PS. Just searched here and apparently Pioneer doesn't allow USB hubs on their units. It's a shame.


----------



## Golden Ear (Oct 14, 2012)

*Re: 2018 Chevy Silverado Z-71*

Nice truck! I have an ‘18 Z71 myself. I left the factory hu and used a Nav-TV. That pioneer and dash kit look great. 


Sent from my iPhone using Tapatalk


----------



## Truthunter (Jun 15, 2015)

*Re: 2018 Chevy Silverado Z-71*

Scribed for this... been waiting years:surprised::laugh:


----------



## BigAl205 (May 20, 2009)

*Re: 2018 Chevy Silverado Z-71*



Truthunter said:


> Scribed for this... been waiting years:surprised::laugh:


:bash:


----------



## Hillbilly SQ (Jan 26, 2007)

*Re: 2018 Chevy Silverado Z-71*



Truthunter said:


> Scribed for this... been waiting years:surprised::laugh:


Oh Ryan that's a low blow:laugh:


----------



## BigAl205 (May 20, 2009)

*Re: 2018 Chevy Silverado Z-71*

I was having issues with the system...backup camera wasn't switching on in reverse, and the system would periodically flake out to where it would automatically revert to the phone screen. I could press another button, it would change for a split second, then go back to phone. It seemed to work fine when I started up the system, but hitting the turn signal the first time would cause it to spaz out.

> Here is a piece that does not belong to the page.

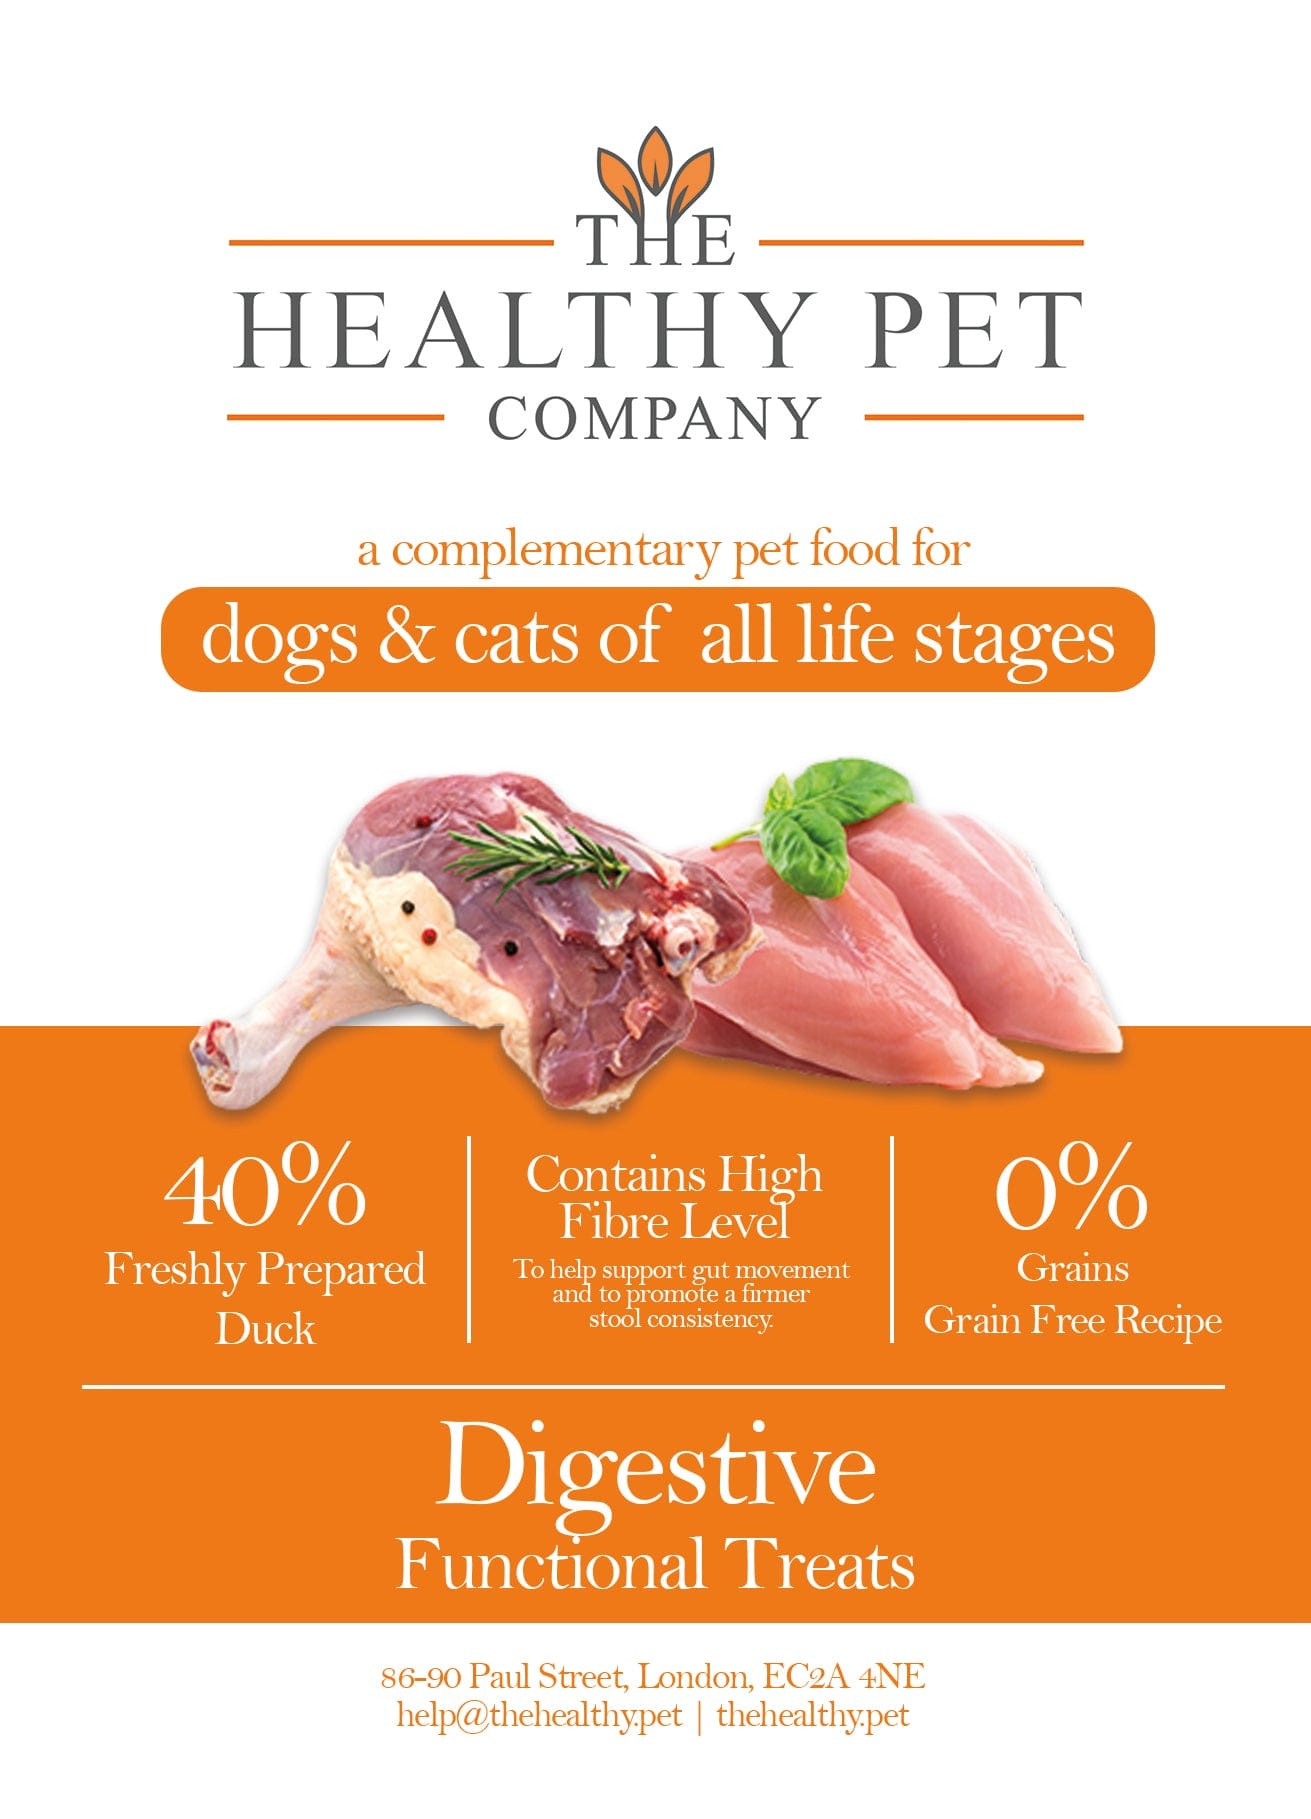 The Healthy Pet Company Natural Digestion Support Functional Treats - The Healthy Pet Company

I fixed the backup camera issue...I'm slightly colorblind, especially between blue and purple, so I had the blue/white wire from the Maestro hooked up to the purple/white of the radio harness, and vice-versa. It's working fine now.

I pulled the Maestro, re-flashed it, and it seemed to be doing okay until I tried adjusting time alignment while sitting at a drive-thru. It didn't change screens on me, but I lost most (but not all) steering wheel controls. I pulled into a parking spot, rebooted everything, and it worked fine all the way to work. As long as it doesn't flake on my while driving, I can deal with not making adjustments without restarting. I'm going to try a few more troubleshooting ideas before I start a thread on the Maestro's forum.


----------



## ToNasty (Jan 23, 2013)

BigAl205 said:


> I was having issues with the system...backup camera wasn't switching on in reverse, and the system would periodically flake out to where it would automatically revert to the phone screen. I could press another button, it would change for a split second, then go back to phone. It seemed to work fine when I started up the system, but hitting the turn signal the first time would cause it to spaz out.
> 
> I fixed the backup camera issue...I'm slightly colorblind, especially between blue and purple, so I had the blue/white wire from the Maestro hooked up to the purple/white of the radio harness, and vice-versa. It's working fine now.
> 
> I pulled the Maestro, re-flashed it, and it seemed to be doing okay until I tried adjusting time alignment while sitting at a drive-thru. It didn't change screens on me, but I lost most (but not all) steering wheel controls. I pulled into a parking spot, rebooted everything, and it worked fine all the way to work. As long as it doesn't flake on my while driving, I can deal with not making adjustments without restarting. I'm going to try a few more troubleshooting ideas before I start a thread on the Maestro's forum.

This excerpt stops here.